Persistent, moderate vaginal bleeding

Introduction

Introduction During the non-menstrual period, the vagina continues to bleed and the amount of bleeding is moderate.

Cause

Cause

The cause of persistent vaginal bleeding in the vagina:

Inflammation of the reproductive organs, pathological pregnancy, endocrine disorders, trauma, tumors, etc.

Examine

an examination

Related inspection

Vaginal gynecological routine examination obstetric B-ultrasound

Examination and diagnosis of continuous vaginal bleeding in the vagina:

Ask whether vaginal bleeding is associated with abdominal pain and its nature. Paroxysmal abdominal pain is more common in abortion. Sustained severe abdominal pain may indicate rupture of ectopic pregnancy. Menstrual period pain should be considered endometriosis. Vaginal bleeding with malodorous leucorrhea should be thought of advanced cervical cancer or department. Submembranous fibroids are complicated by infection.

Ask about the presence or absence of systemic diseases such as hypertension anemia, liver disease, thrombocytopenic purpura and other diseases to understand whether or not to take sex hormone drugs, including contraceptives, whether to place intrauterine devices.

Diagnosis

Differential diagnosis

Symptoms of persistent vagina confusing vaginal confusion:

Should be identified as an ectopic pregnancy, B-ultrasound can help identify.
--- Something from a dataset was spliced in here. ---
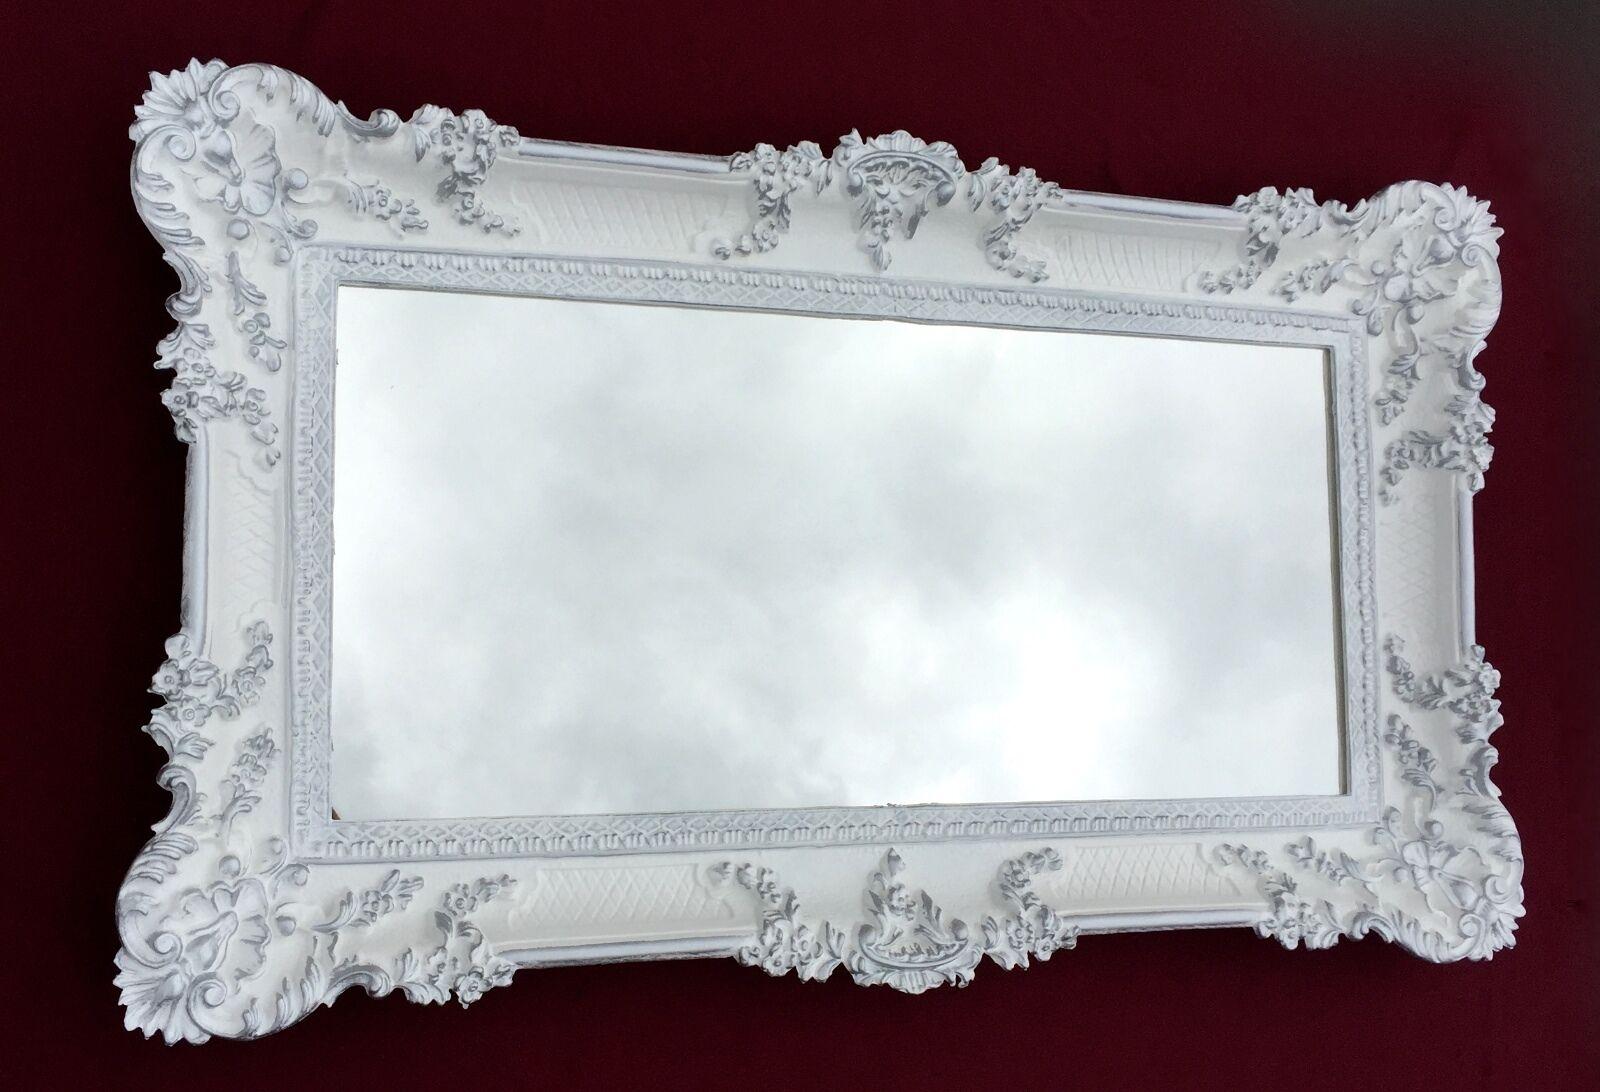 wandspiegel antik barock rechteckig 97x57 flurspiegel wei silber 103074 spiegel kaufen bei. Black Bedroom Furniture Sets. Home Design Ideas

When the pregnancy is normal, the fertilized egg is implanted in the endometrium of the uterus. When the fertilized egg is implanted in a part other than the body cavity of the uterus, it is called an ectopic pregnancy, and is called an ectopic pregnancy.

symptom:

1. Menopause: In addition to the longer period of menopause in the tubal interstitial, more than 6 to 8 weeks of menopause. About 20% to 30% of patients have no obvious history of menopause, or menstruation only expires two or three days.
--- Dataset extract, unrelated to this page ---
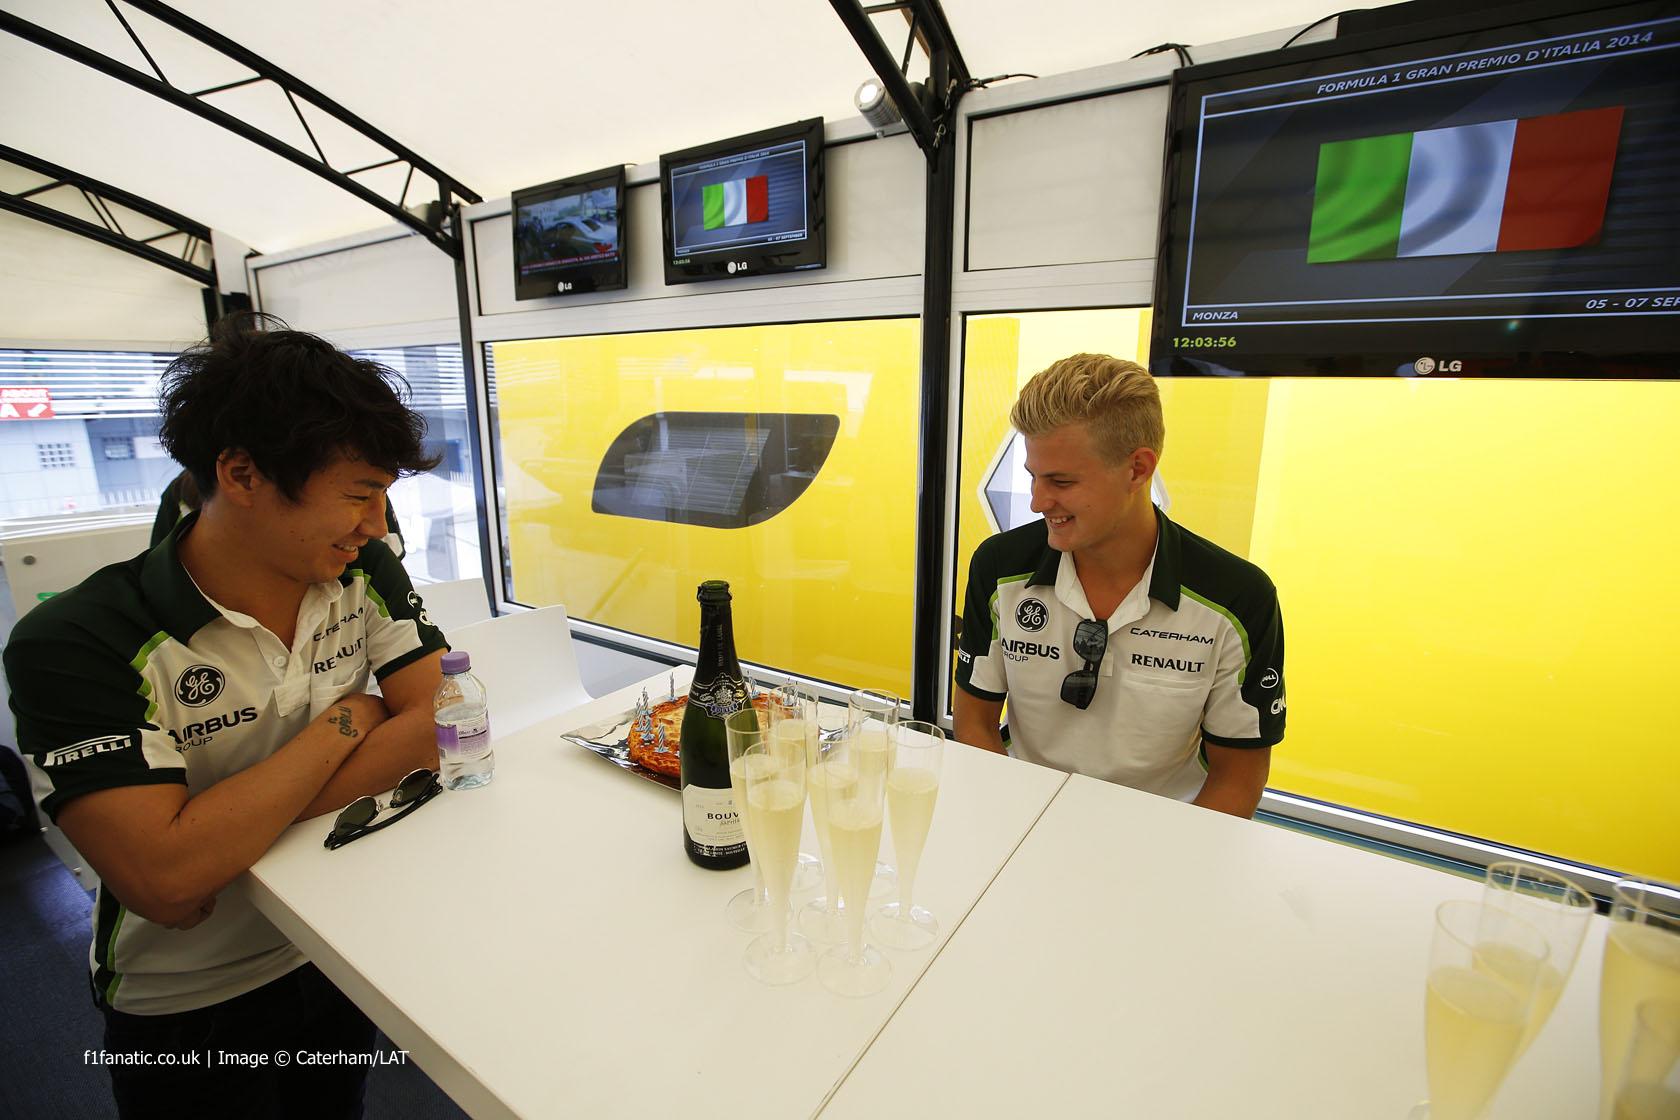 Kamui Kobayashi, Marcus Ericsson, Caterham, Monza, 2014

3. Vaginal bleeding: After embryonic death, there are often irregular vaginal bleeding, the amount of color blush is less, generally does not exceed the amount of menstruation, a small number of patients with vaginal bleeding, similar to menstruation, vaginal bleeding may be accompanied by sacral membrane debris.
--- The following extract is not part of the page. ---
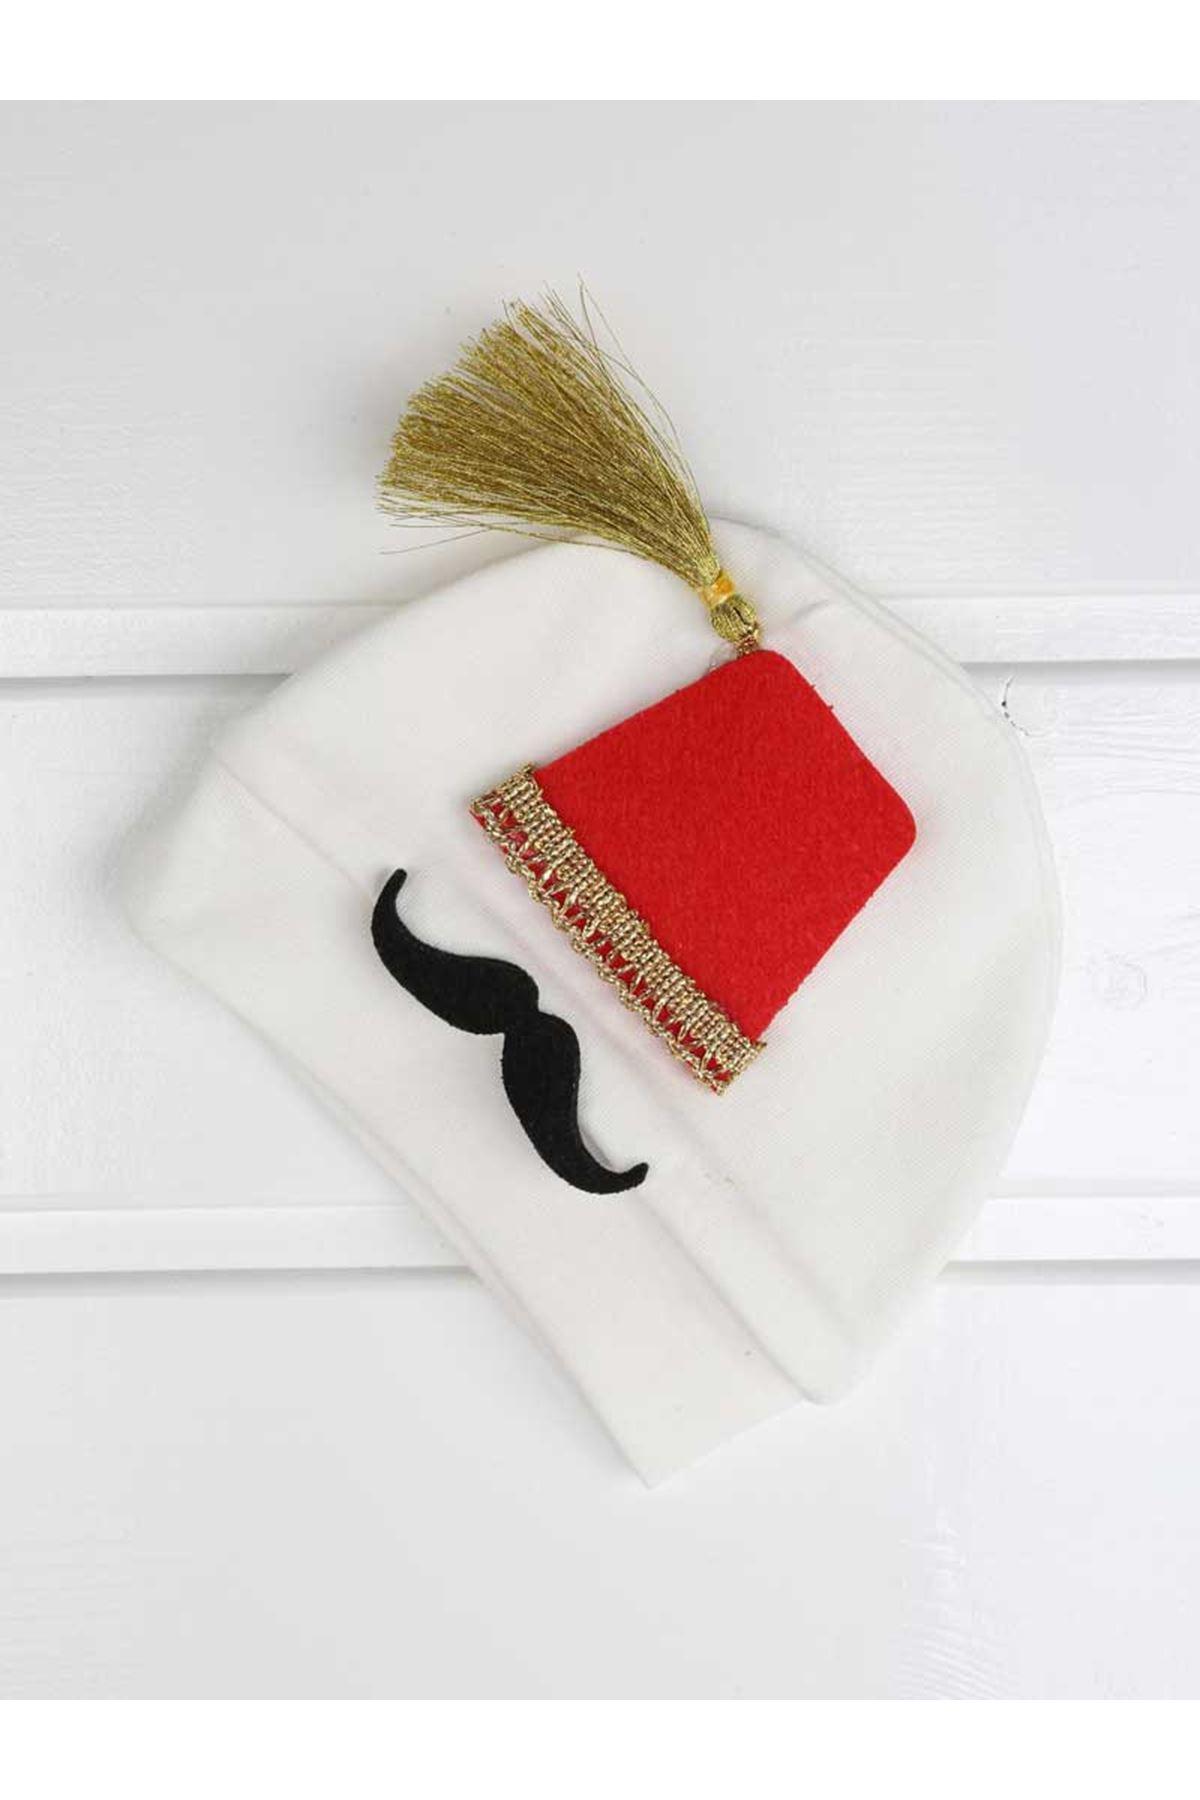 White Baby Rompers Suit Boy Ottoman Fez Newborn Clothes 4 pcs set cotton soft Boys clothing models for babies

4. Syncope and shock: due to acute intra-abdominal hemorrhage and severe abdominal pain, mild to appear syncope, severe cases of hemorrhagic shock. The more bleeding, the faster, the more rapid and severe the symptoms appear, but not proportional to the amount of vaginal bleeding.

Ask whether vaginal bleeding is associated with abdominal pain and its nature. Paroxysmal abdominal pain is more common in abortion. Sustained severe abdominal pain may indicate rupture of ectopic pregnancy. Menstrual period pain should be considered endometriosis. Vaginal bleeding with malodorous leucorrhea should be thought of advanced cervical cancer or department. Submembranous fibroids are complicated by infection.

Ask about the presence or absence of systemic diseases such as hypertension anemia, liver disease, thrombocytopenic purpura and other diseases to understand whether or not to take sex hormone drugs, including contraceptives, whether to place intrauterine devices.